Dividedness is a personal pathology, but it soon becomes a problem for other people. It is a problem for students whose teachers “phone it in” while taking cover behind their podiums and their power. It is a problem for patients whose doctors practice medical indifference, hiding behind a self-protective scientific facade. It is a problem for employees whose supervisors have personnel handbooks where their hearts should be. It is a problem for citizens whose political leaders speak “with forked tongue.”

As I write, the media are filled with stories of people whose dividedness is now infamous. They worked at such places as Enron, Arthur Andersen, Merrill Lynch, WorldCom, and the Roman Catholic Church, to name a few.

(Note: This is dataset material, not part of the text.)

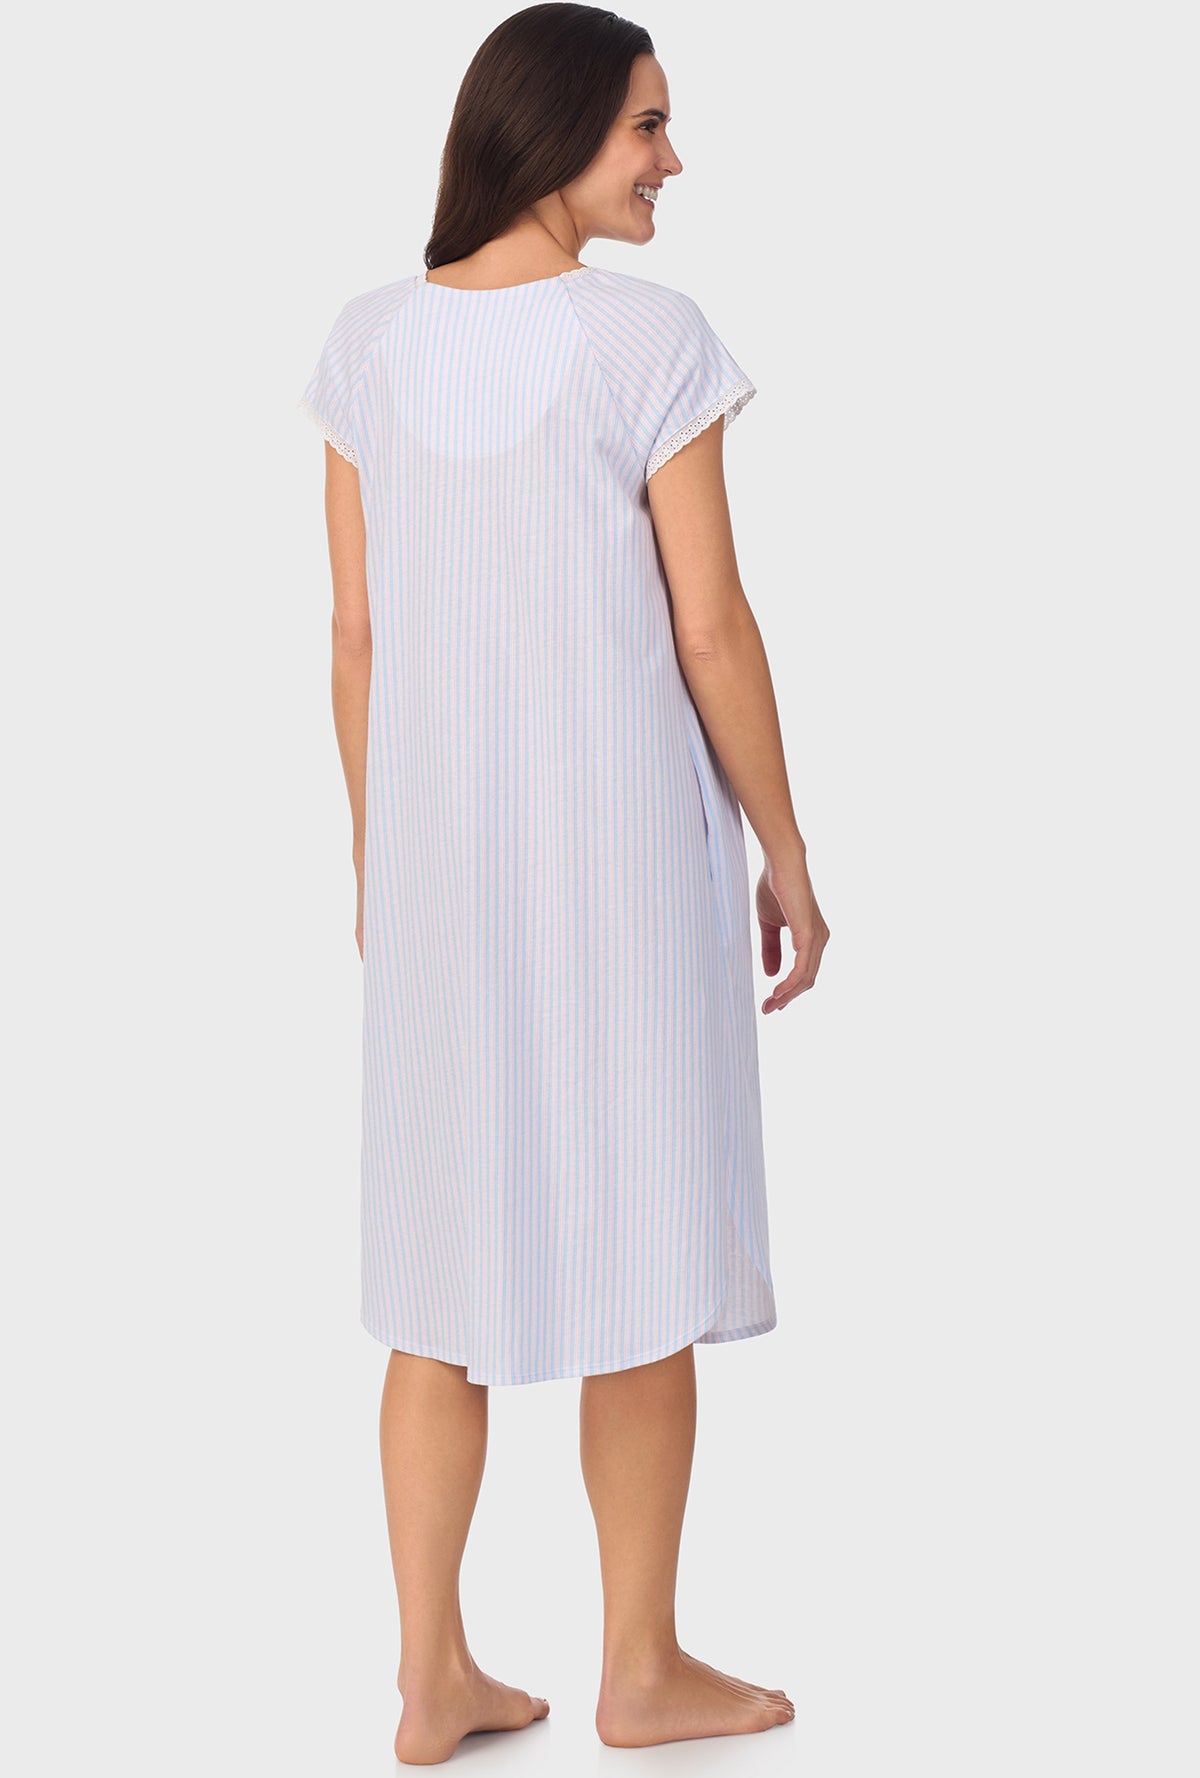 A lady wearing white short Sleeve Blossom Stripes Cap Sleeve Nightgown with Cotton Blue print

Surely these people heard an inner call to wholeness. But they became separated from their own souls, betraying the trust of citizens, stockholders, and the faithful—and making our democracy, our economy, and our religious institutions less trustworthy in the process.

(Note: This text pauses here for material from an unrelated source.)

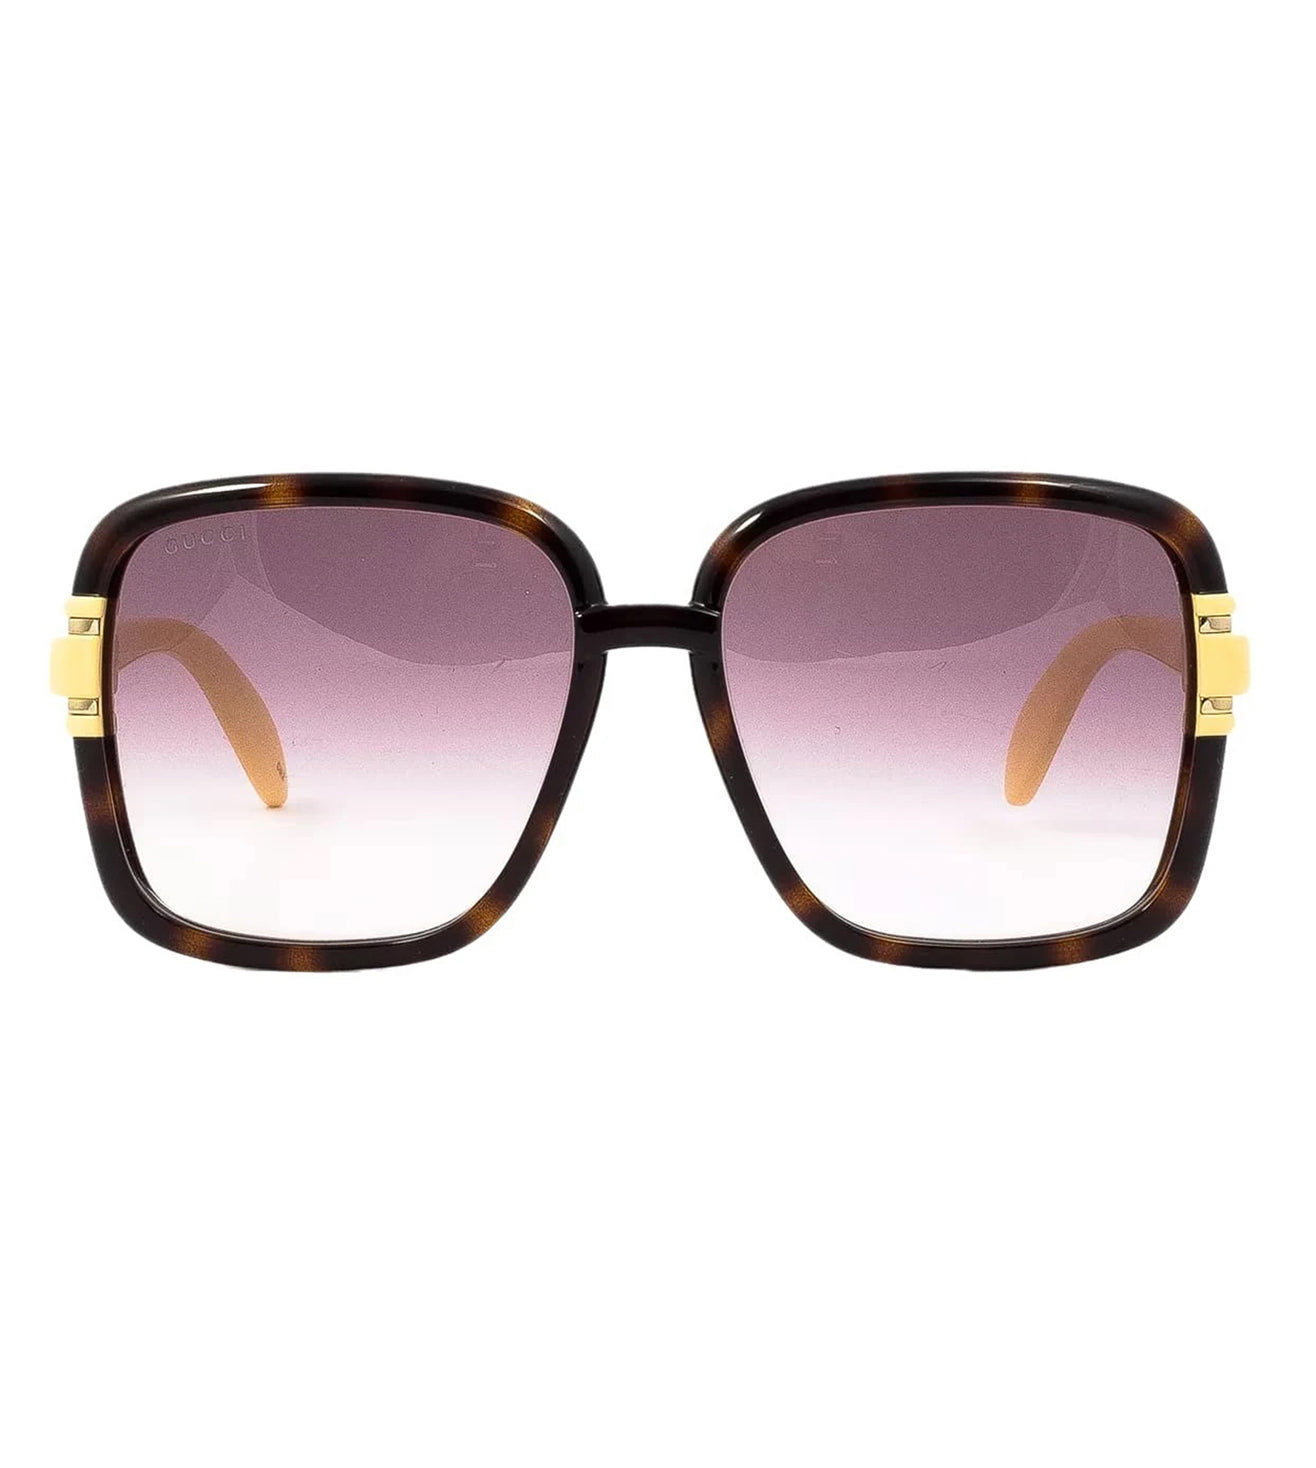 Gucci Women's Violet Butterfly Sunglasses

These particular stories will soon fade from the front page, but the story of the divided life will be in the news forever. Its drama is perennial, and its social costs are immense. The poet Rumi said it with ruthless candor eight hundred years ago: “If you are here unfaithfully with us / you're causing terrible damage.”4

How shall we understand the pathology of the divided life? If we approach it as a problem to be solved by “raising the ethical bar”—exhorting each other to jump higher and meting out tougher penalties to those who fall short—we may feel more virtuous for a while, but we will not address the problem at its source.

The divided life, at bottom, is not a failure of ethics. It is a failure of human wholeness. Doctors who are dismissive of patients, politicians who lie to the voters, executives who cheat retirees out of their savings, clerics who rob children of their well-being—these people, for the most part, do not lack ethical knowledge or convictions. They doubtless took courses on professional ethics and probably received top grades. They gave speeches and sermons on ethical issues and more than likely believed their own words. But they had a well-rehearsed habit of holding their own knowledge and beliefs at great remove from the living of their lives.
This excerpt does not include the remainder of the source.